◆ Task objective
Return exactly, please, the line that contains "Male scientific researcher photo" and every line after it through the end of the material that follows, leaving pictures aside.

◆ Source data
*** Begin section ***
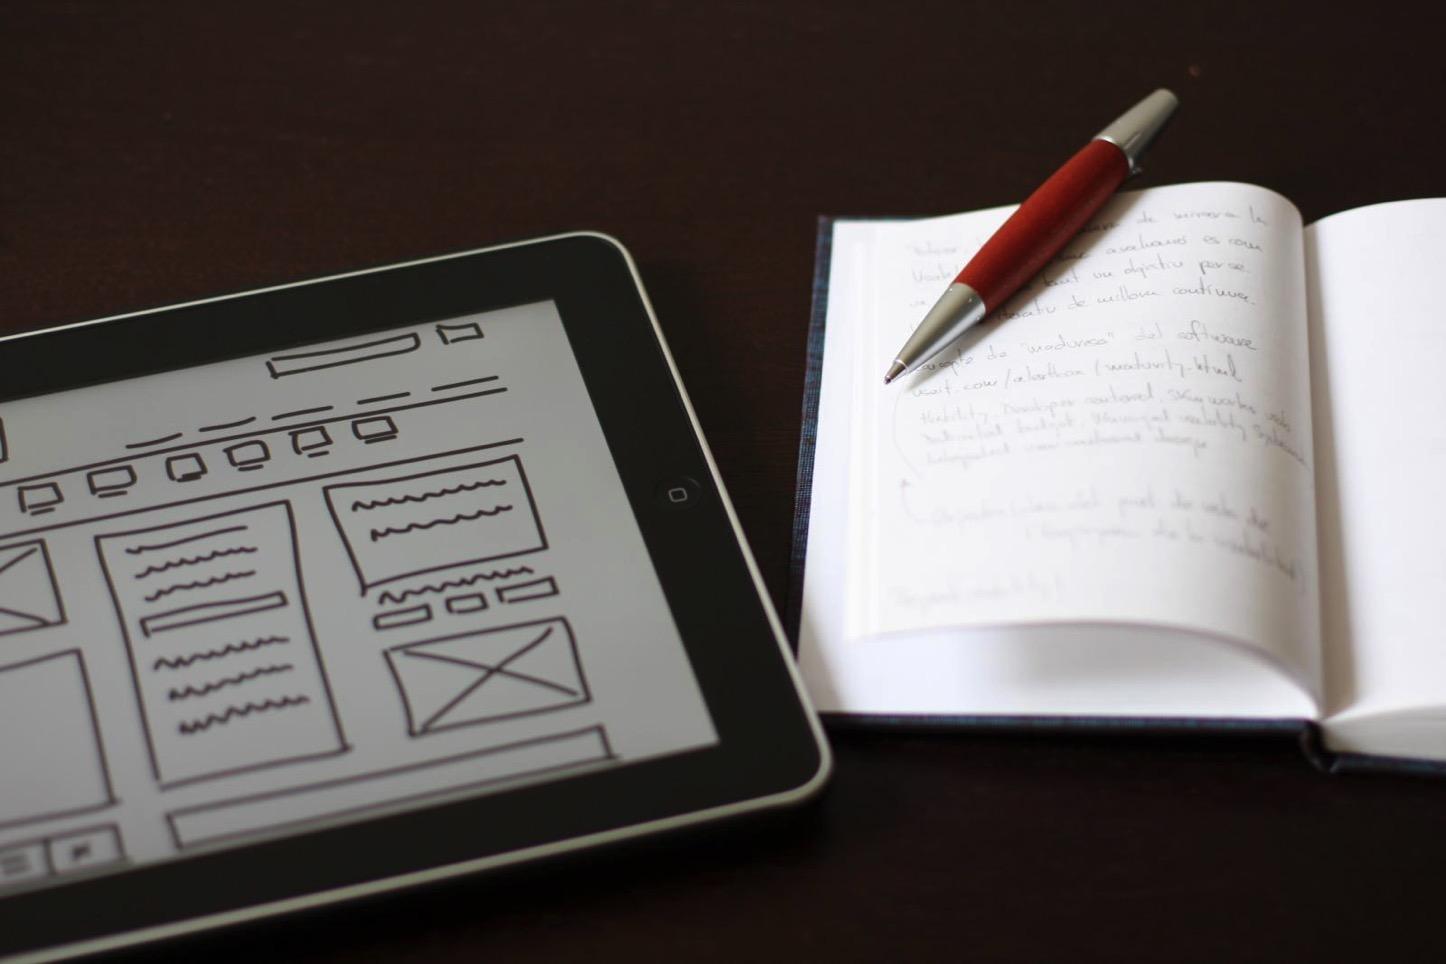 ipad-work.jpg
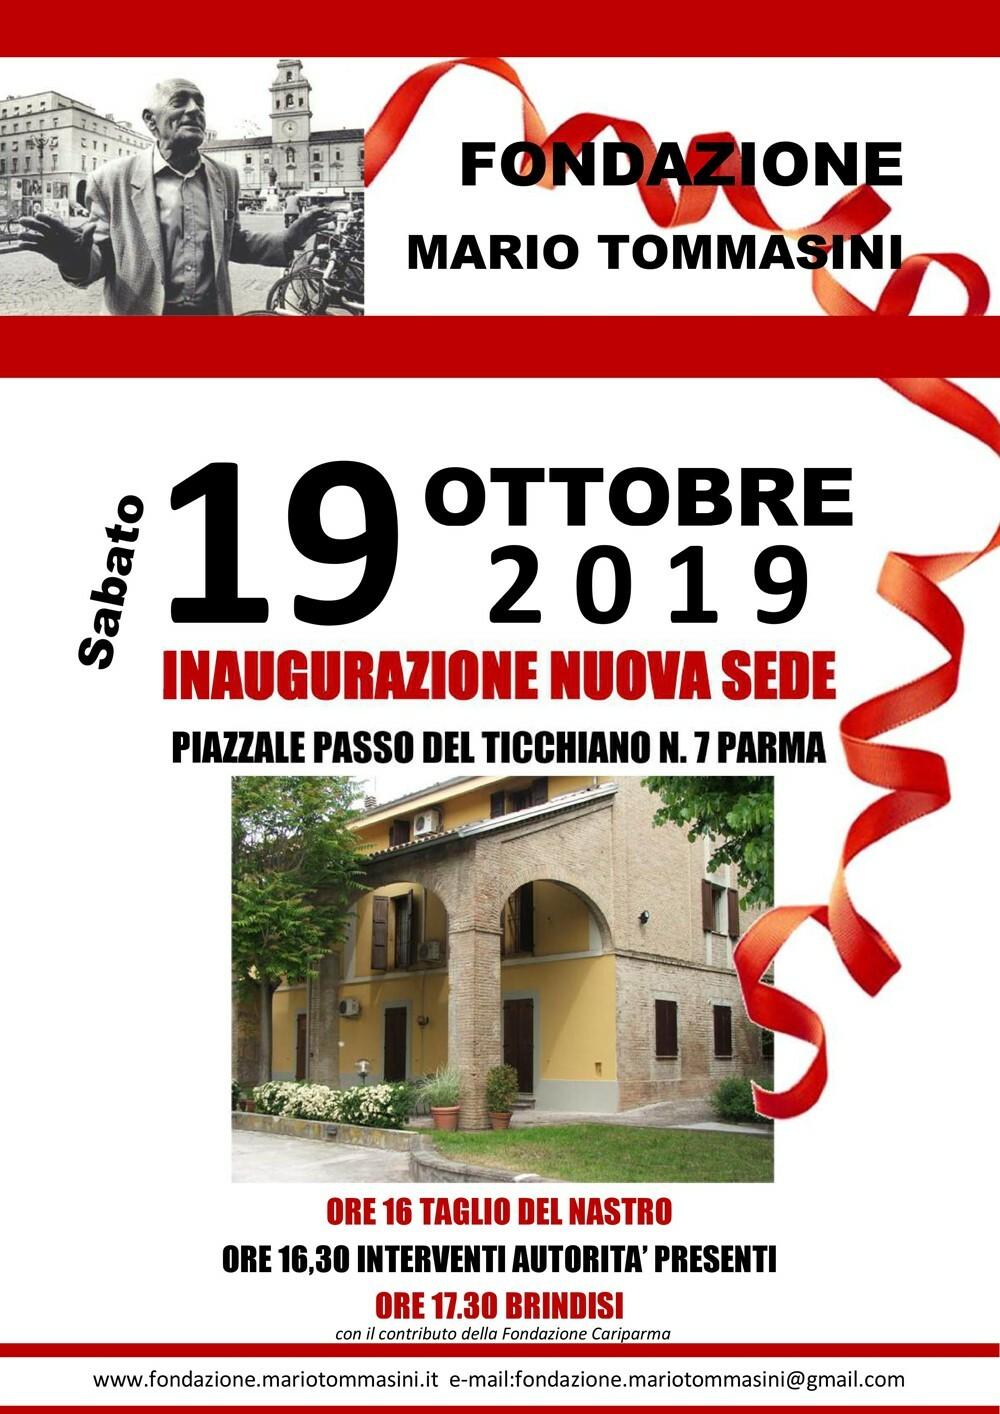 Fondazione Mario Tommasini Il 19 ottobre l'inaugurazione della nuova sede
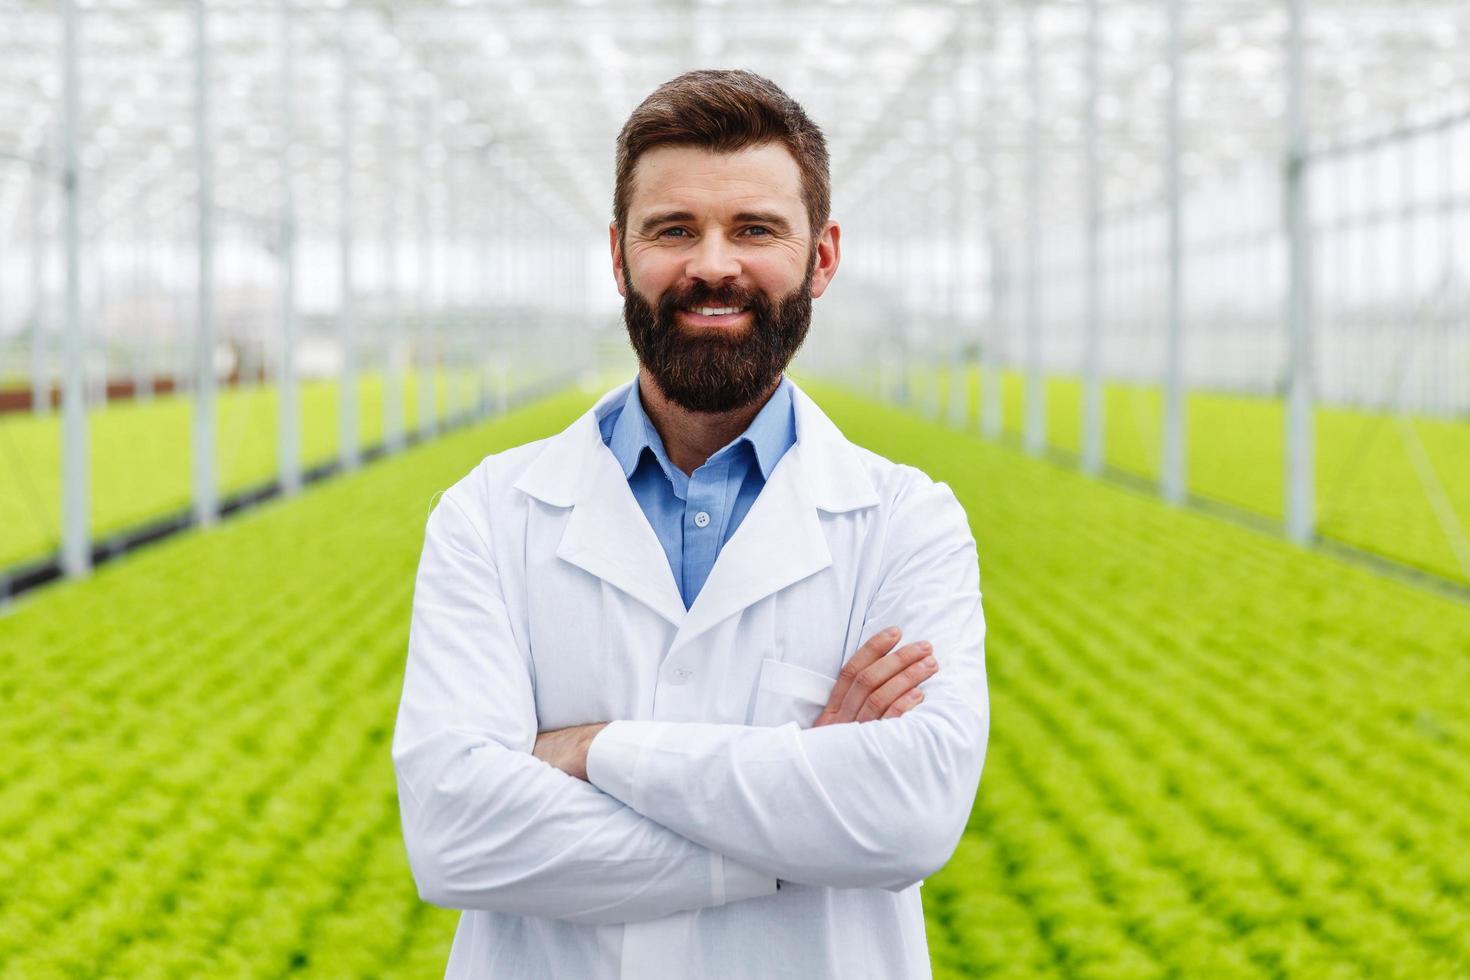 Male scientific researcher photo
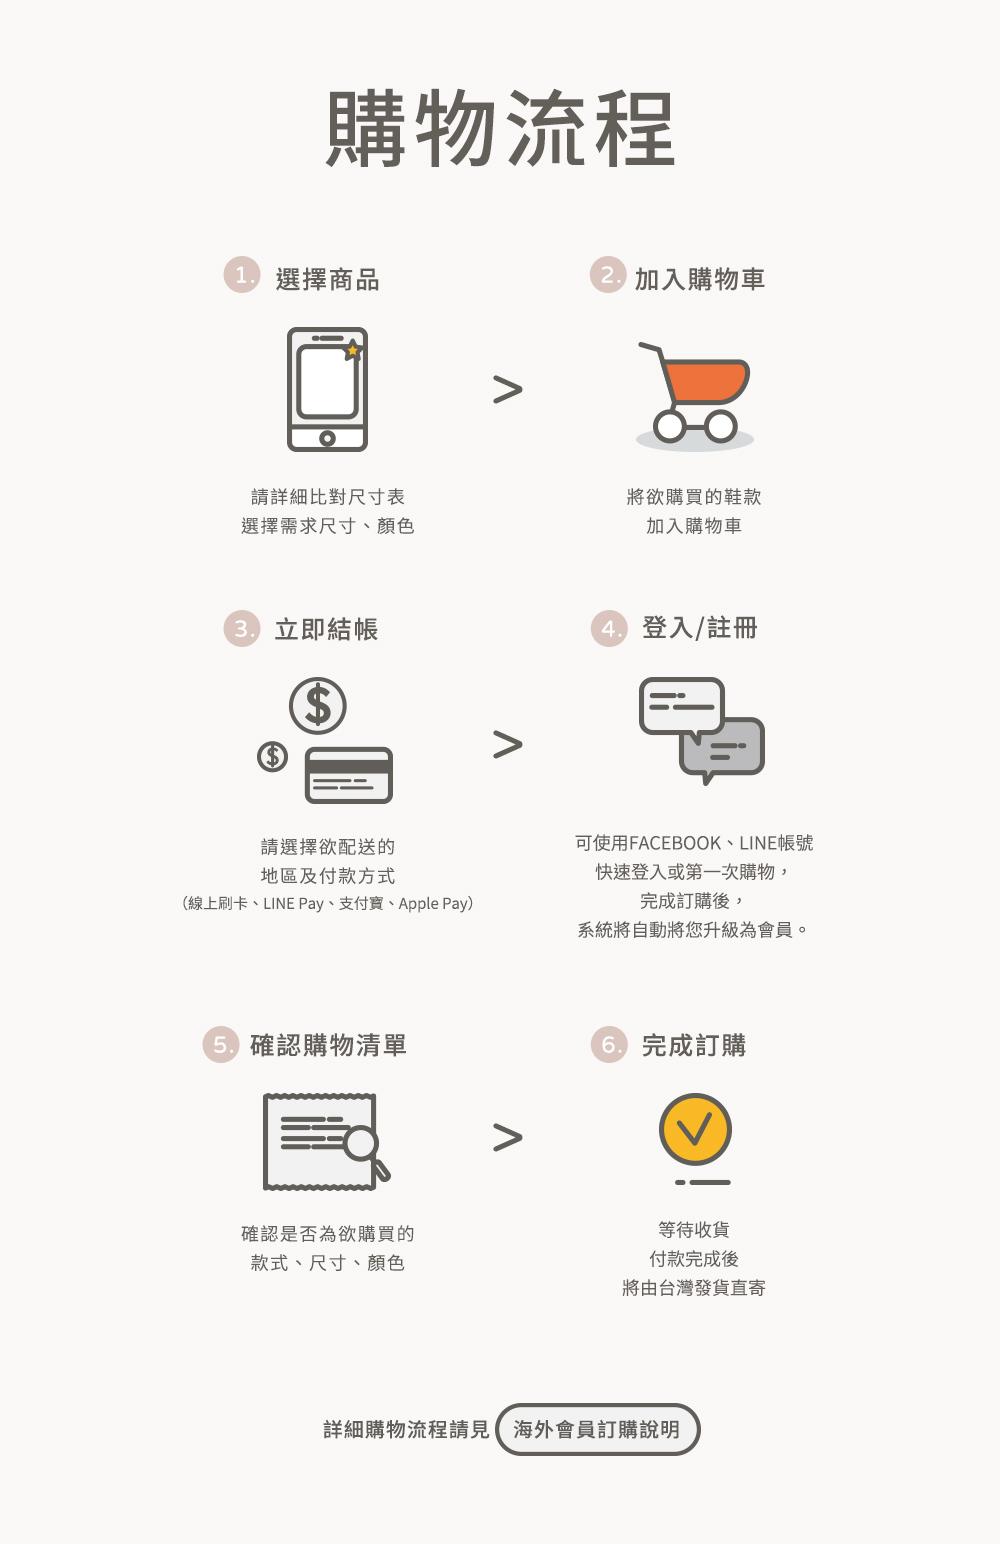 D+AF海外購物流程 香港、澳門、新加坡、馬來西亞、中國、日本、美國、澳洲、韓國、印尼、越南、加拿大、墨西哥、紐西蘭、法國、義大利
*** End section ***
◆ Task response
 Male scientific researcher photo
 D+AF海外購物流程 香港、澳門、新加坡、馬來西亞、中國、日本、美國、澳洲、韓國、印尼、越南、加拿大、墨西哥、紐西蘭、法國、義大利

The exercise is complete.